▶ [Directions for this task]
Leave out the images and return all the data word for word.

Recorded information Block Start

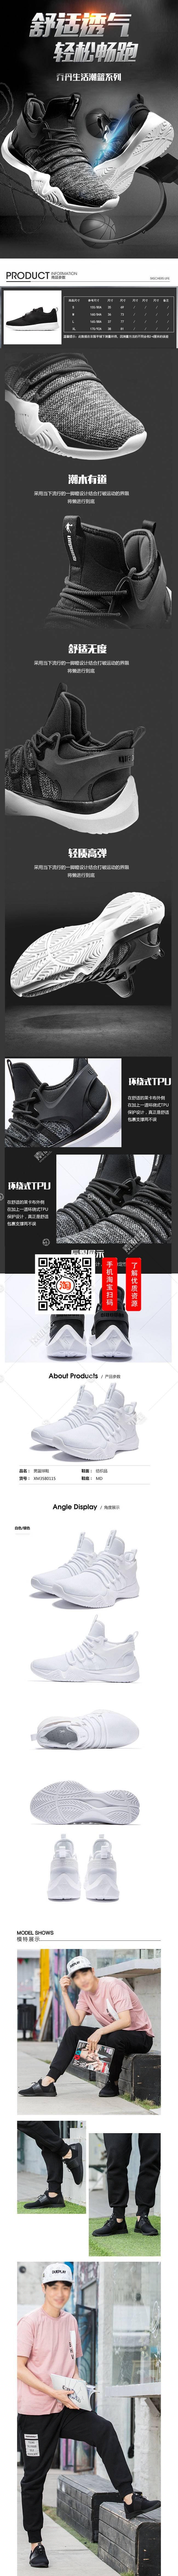 时尚潮流高档男鞋男士鞋详情页
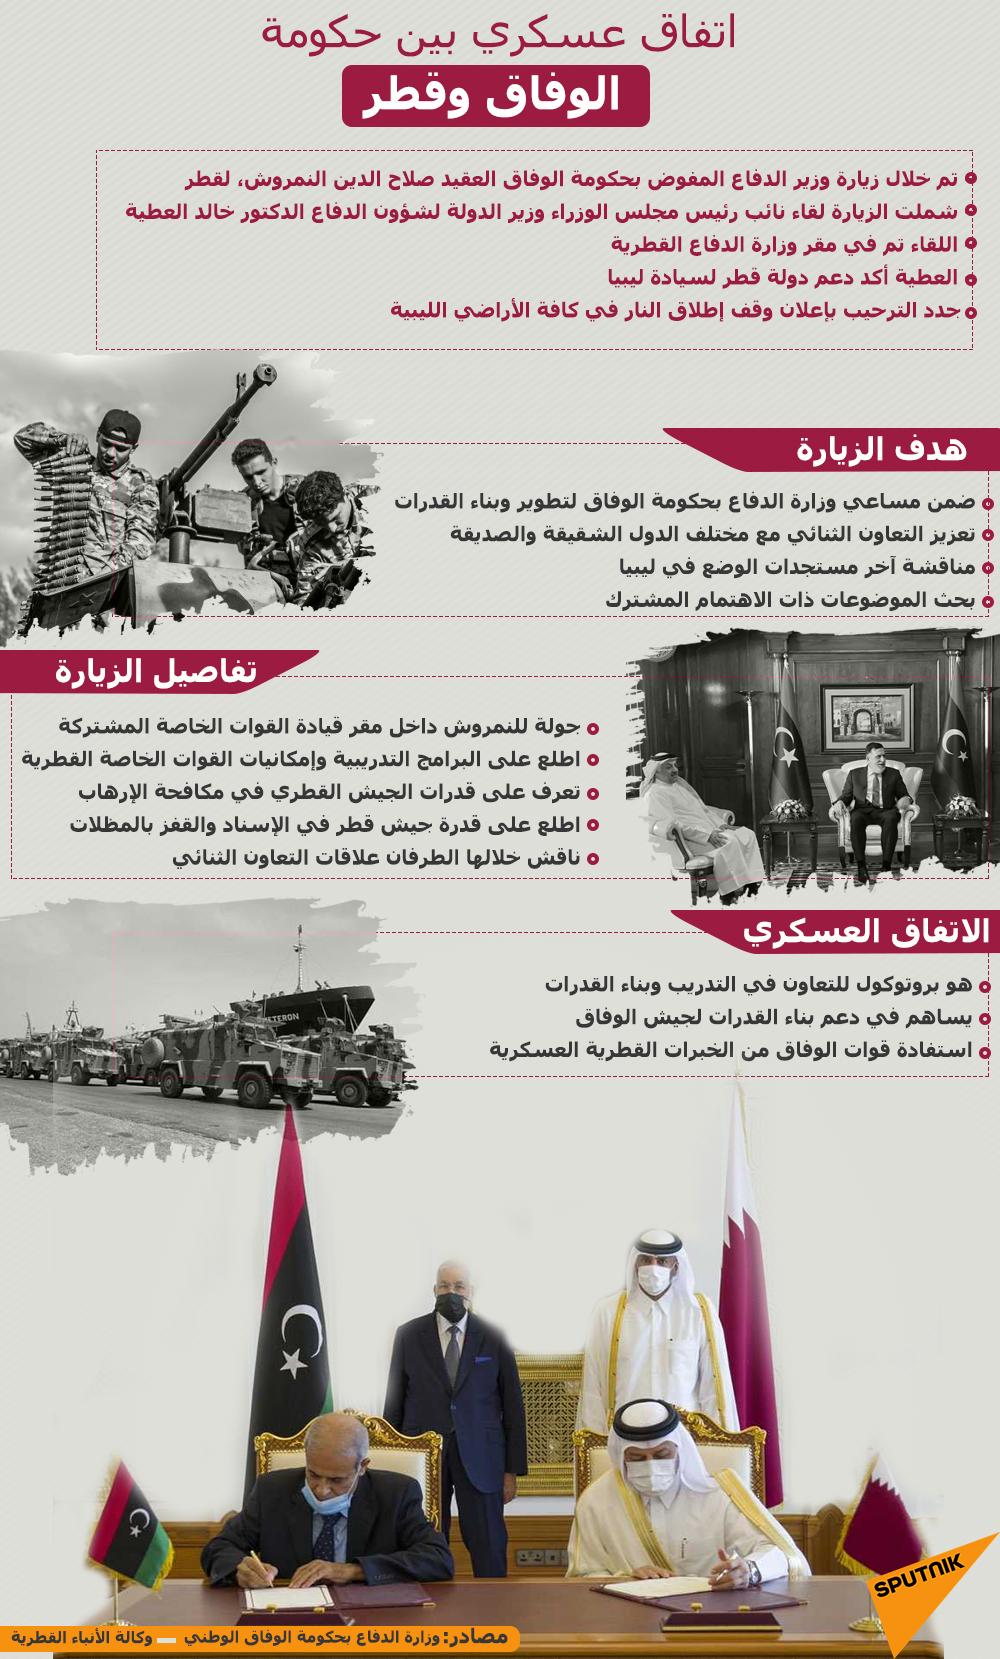 اتفاق عسكري بين حكومة الوفاق وقطر
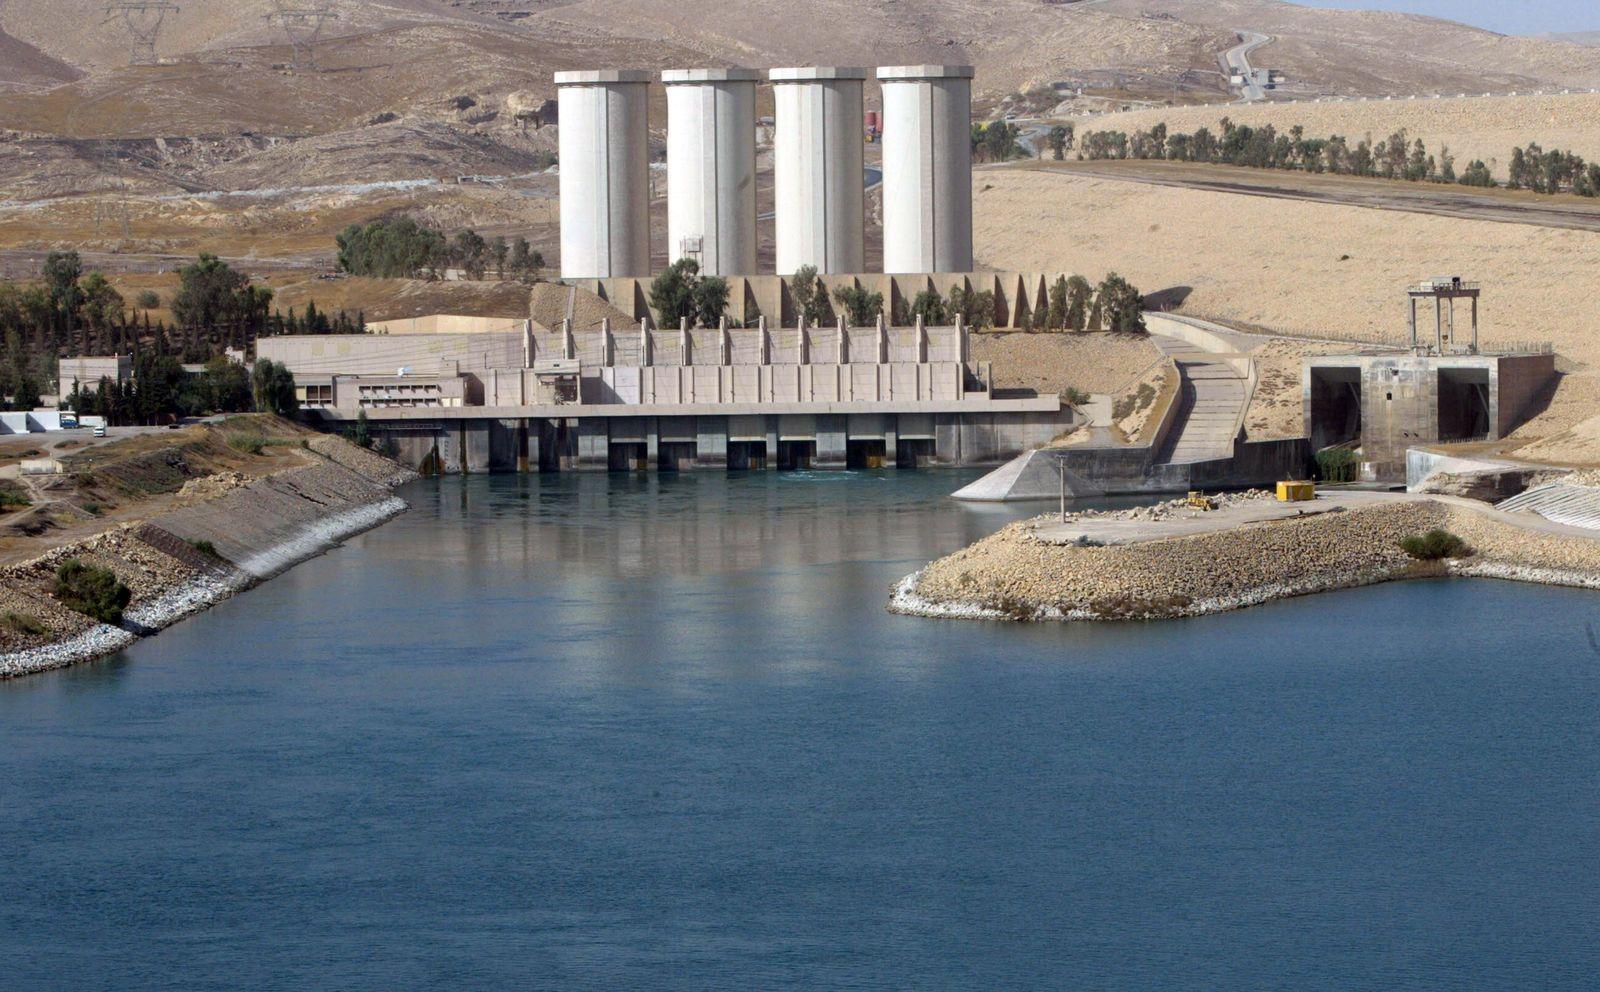 Irak/ Mosul Staudamm
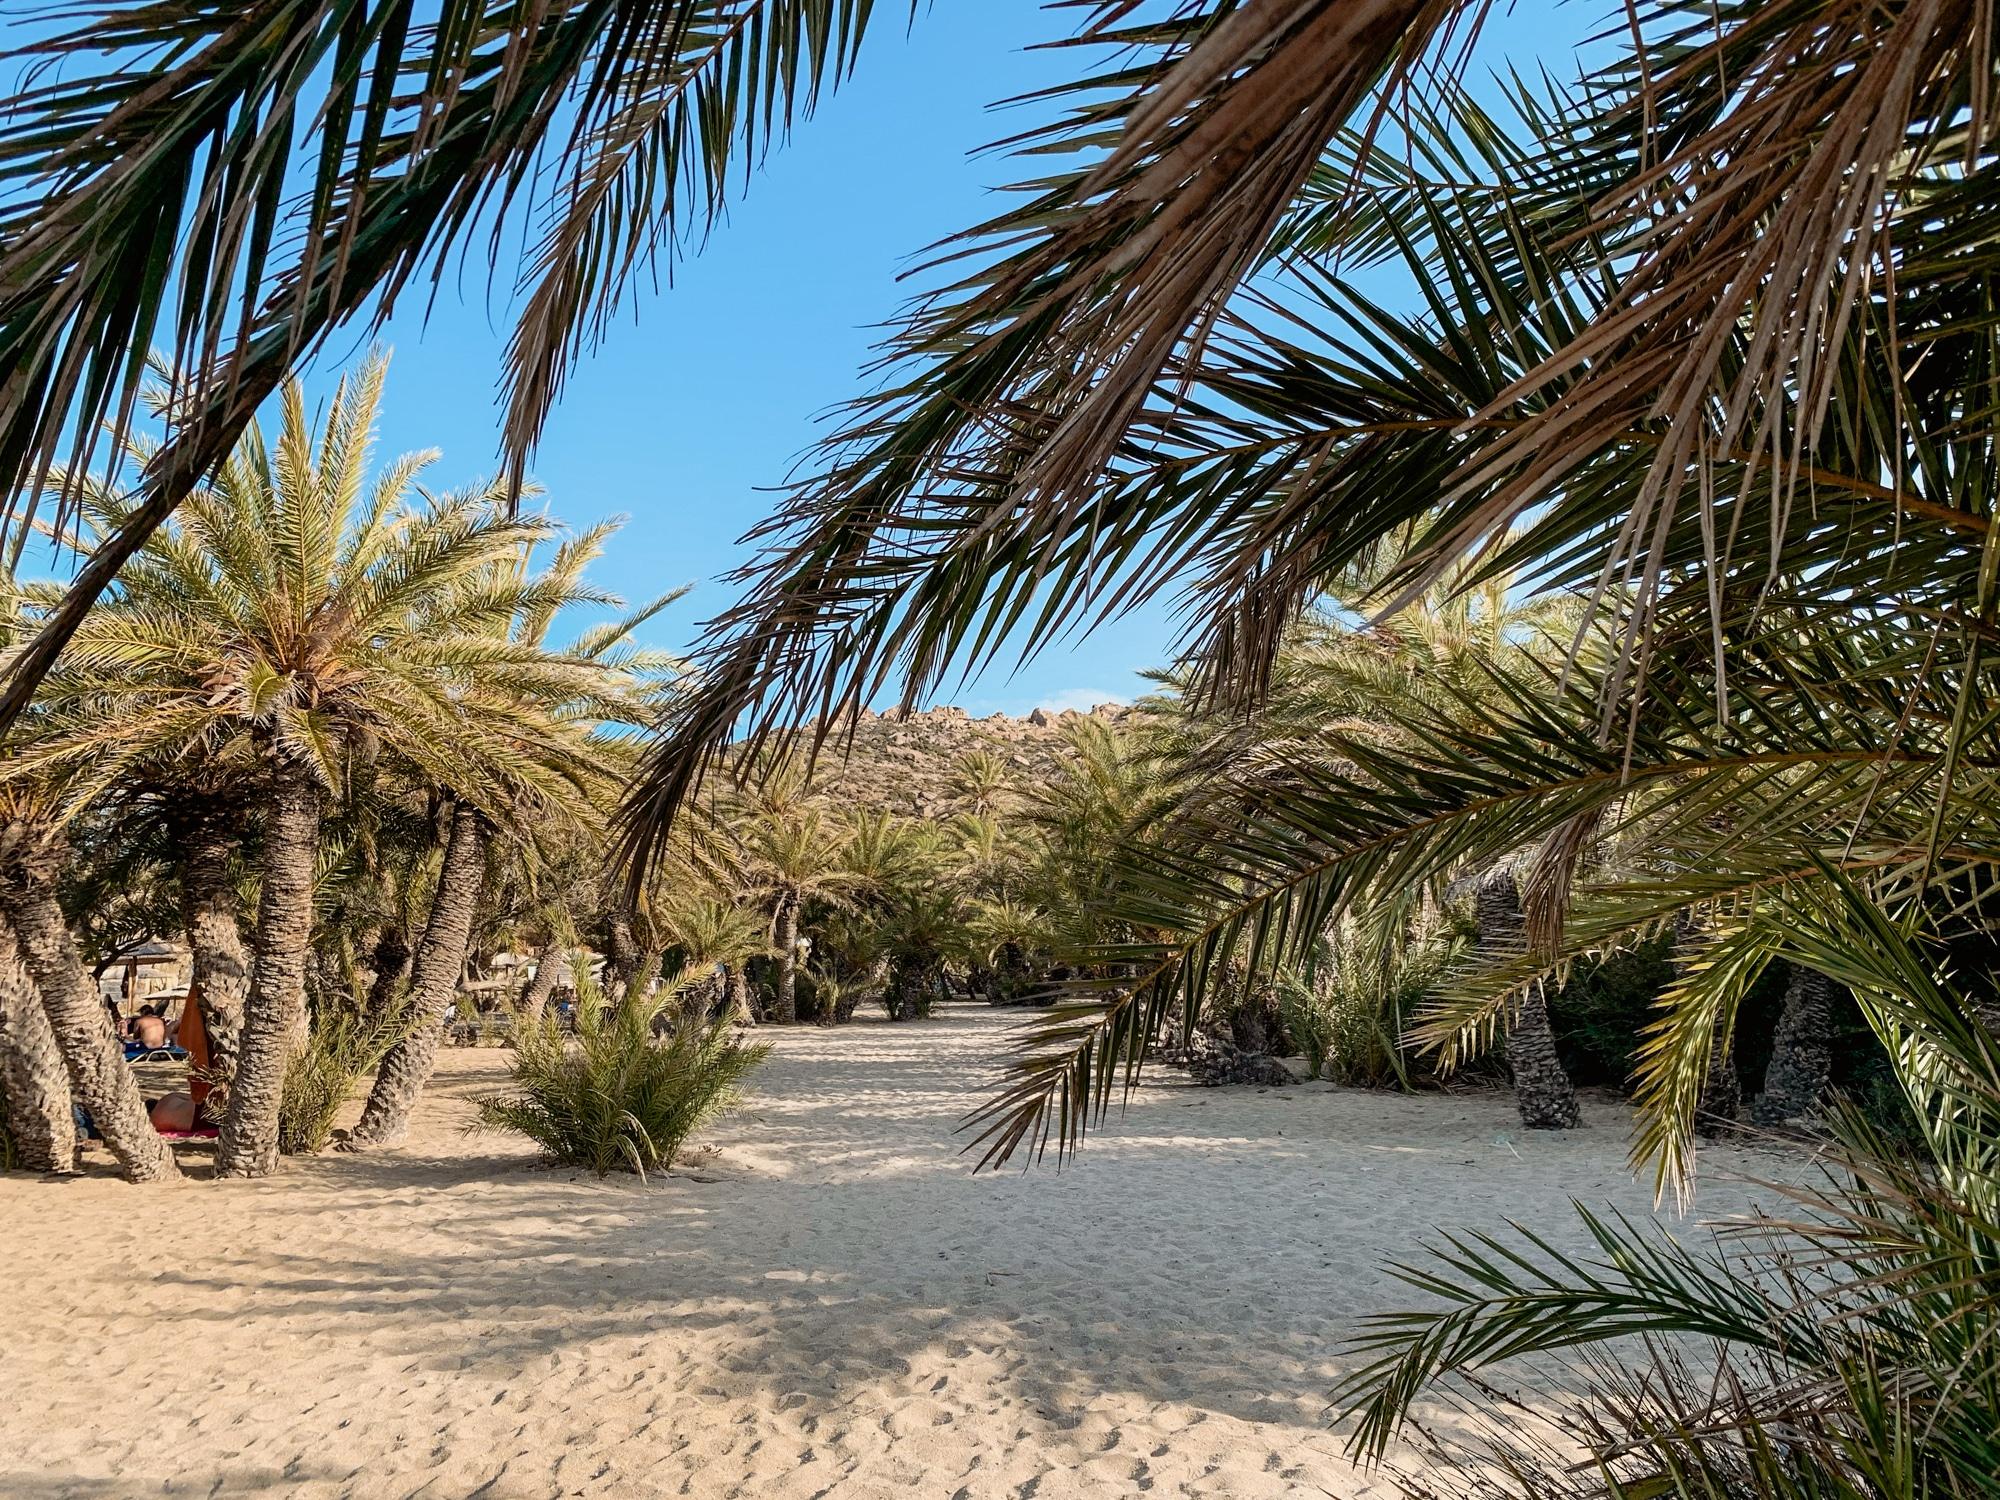 Schönste Strände auf Kreta: Das sind die sechs schönsten Kreta Strände - Palmenstrand Vai Beach

Recorded information Block End

▶ [Exercise solution]
 时尚潮流高档男鞋男士鞋详情页
 اتفاق عسكري بين حكومة الوفاق وقطر
 Irak/ Mosul Staudamm
 Schönste Strände auf Kreta: Das sind die sechs schönsten Kreta Strände - Palmenstrand Vai Beach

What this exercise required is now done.